# Problems Responding Back?!



## uniquechickenlover (Nov 18, 2019)

Every time I'm gonna respond back to someone who answered my post this message appears:








How can I fix this?


----------



## robin416 (Sep 8, 2013)

I'll get the big dogs involved. Can you send me in a PM to what you wanted to say? Or put it in this post? 

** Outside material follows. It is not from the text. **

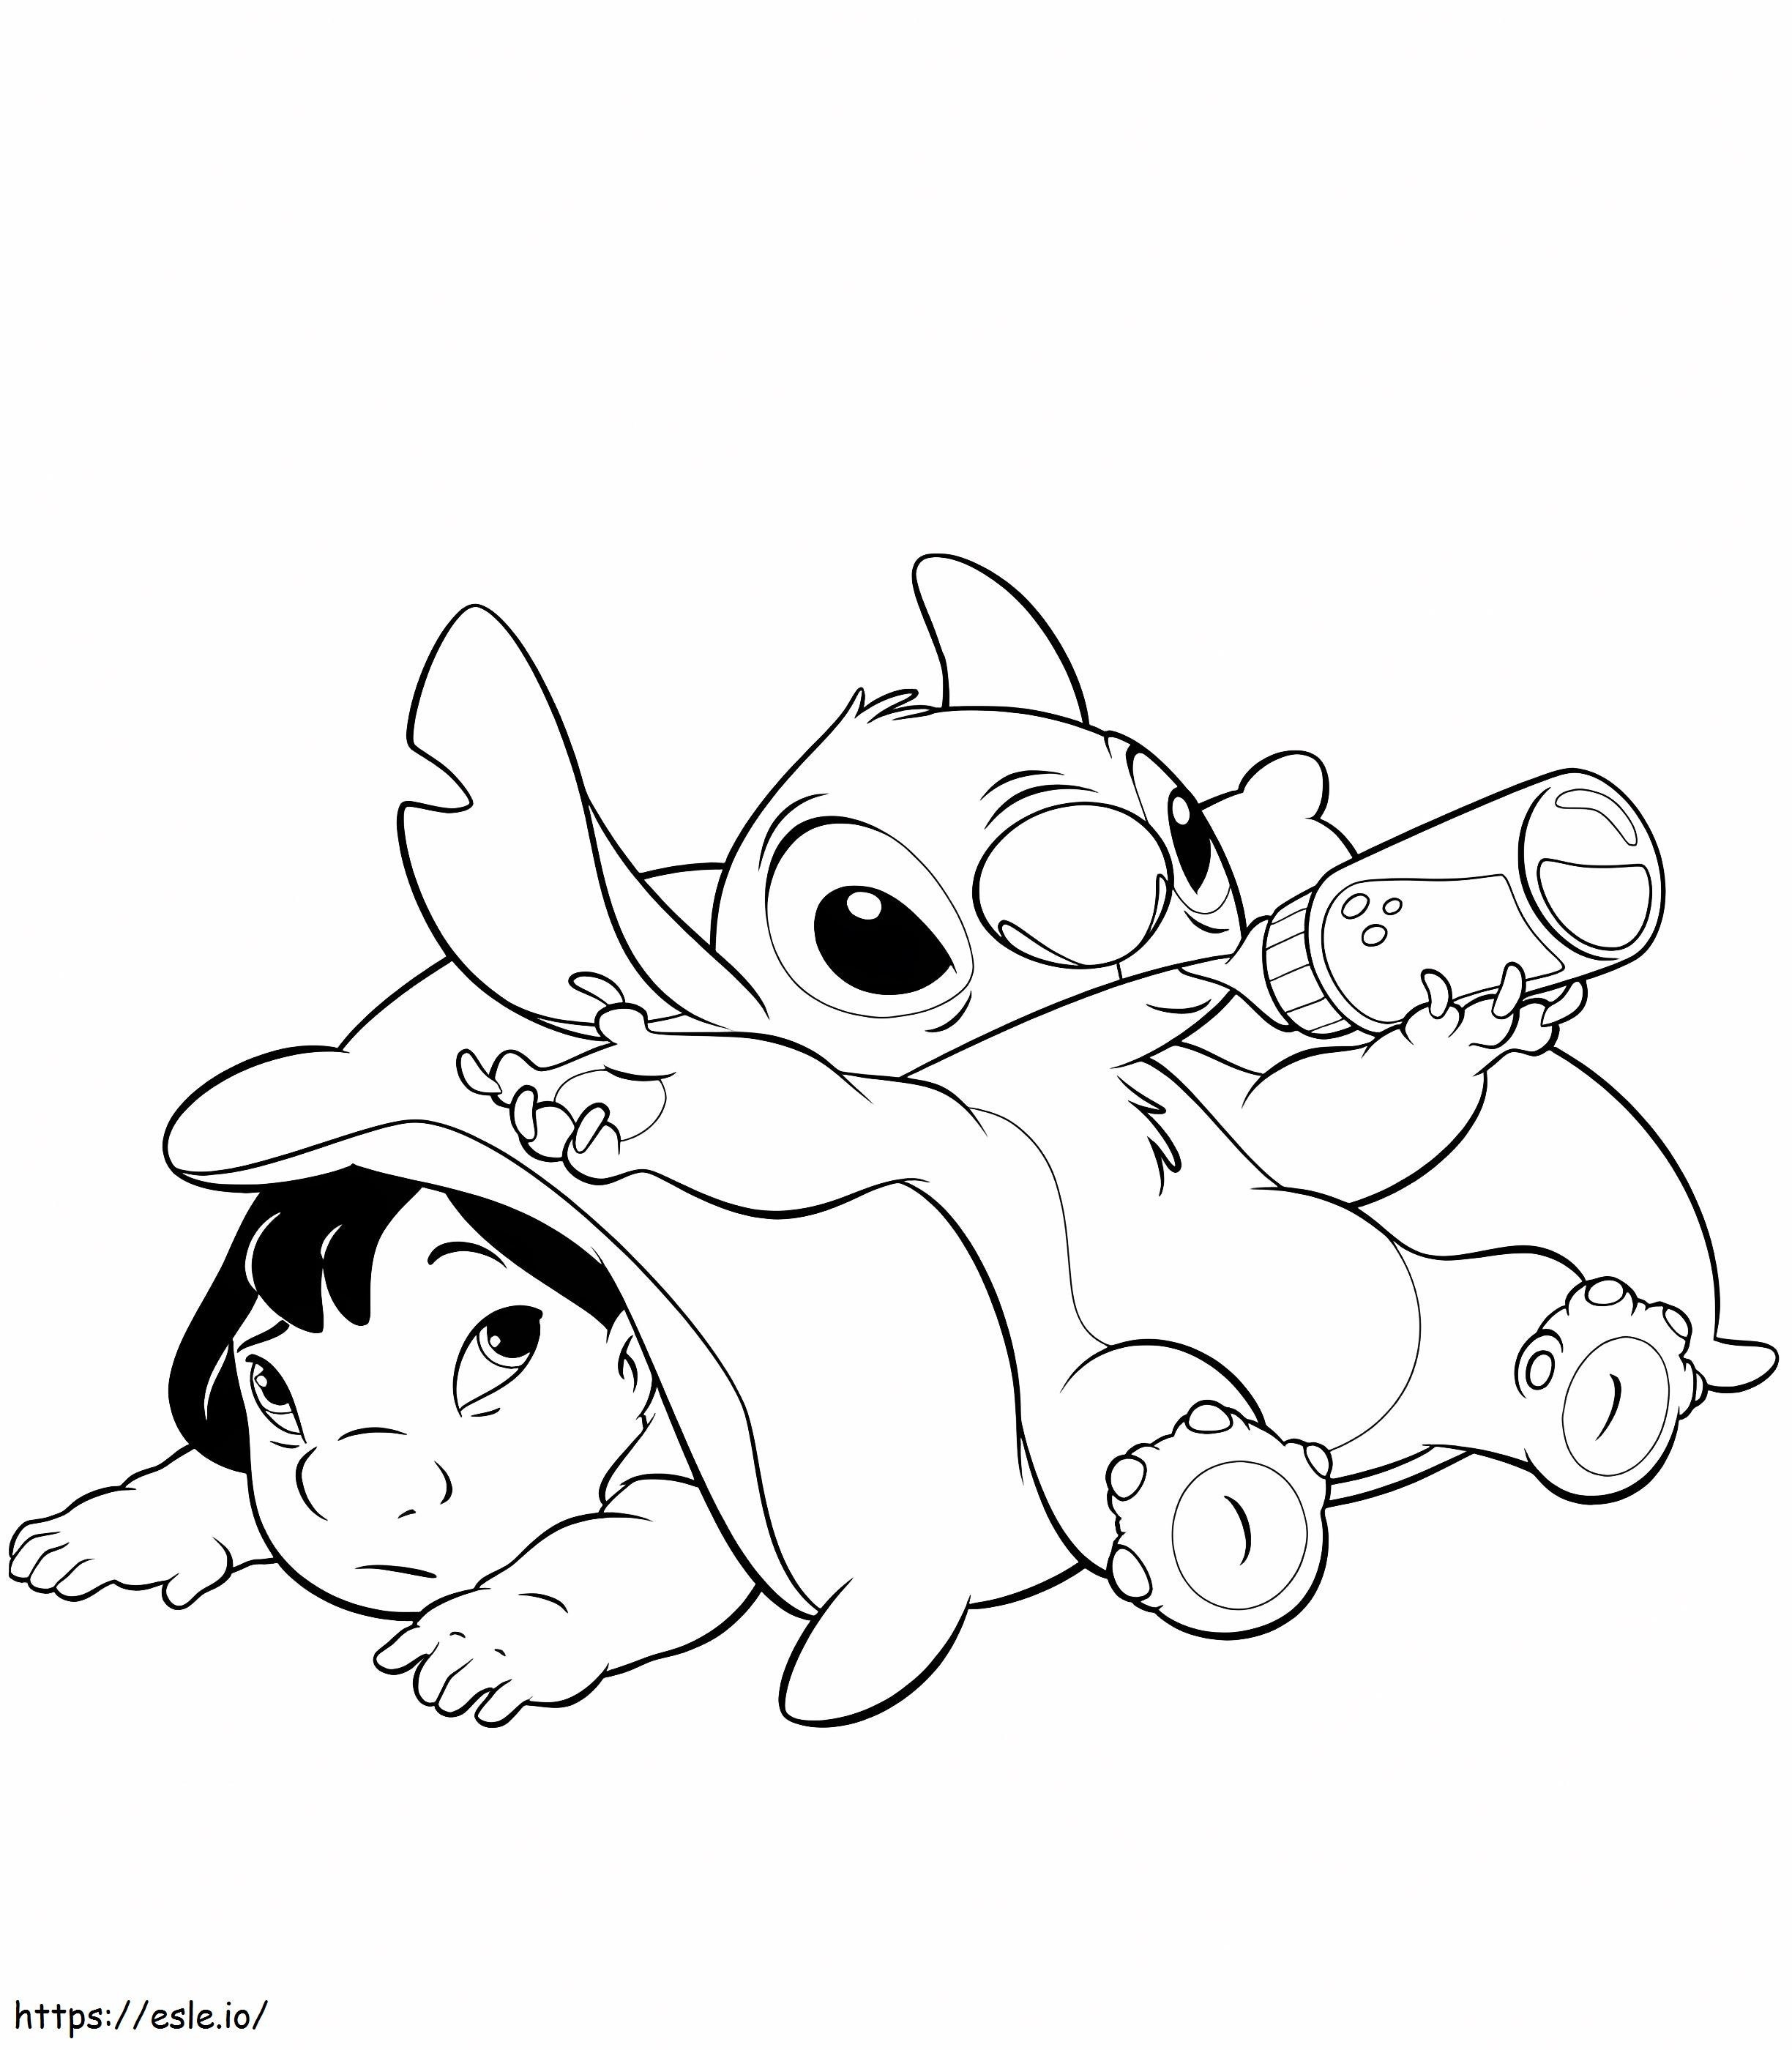 1559978960 Stitch On Lilo A4 coloring page

I'm going to report this post to get it noticed so don't be worried by it.


----------



## robin416 (Sep 8, 2013)

I removed the report because the post disappears from the forum. You can't very well try to post to it if it's not visible.


----------



## Sylie (May 4, 2018)

Can you post it now? You have to have 3 posts on the forum before it will let you put a picture or a link into a message. It looks like you have 3 posts now, if you haven't already, try again now. If you still can't, we'll figure it out


----------



## uniquechickenlover (Nov 18, 2019)

Sylie said:


> Can you post it now? You have to have 3 posts on the forum before it will let you put a picture or a link into a message. It looks like you have 3 posts now, if you haven't already, try again now. If you still can't, we'll figure it out


Im able to answer back to you but I can't answer back to the other guy NM1 something


----------



## Sylie (May 4, 2018)

Okay, we're on it


----------



## uniquechickenlover (Nov 18, 2019)

Sylie said:


> Okay, we're on it


Thank you!!


----------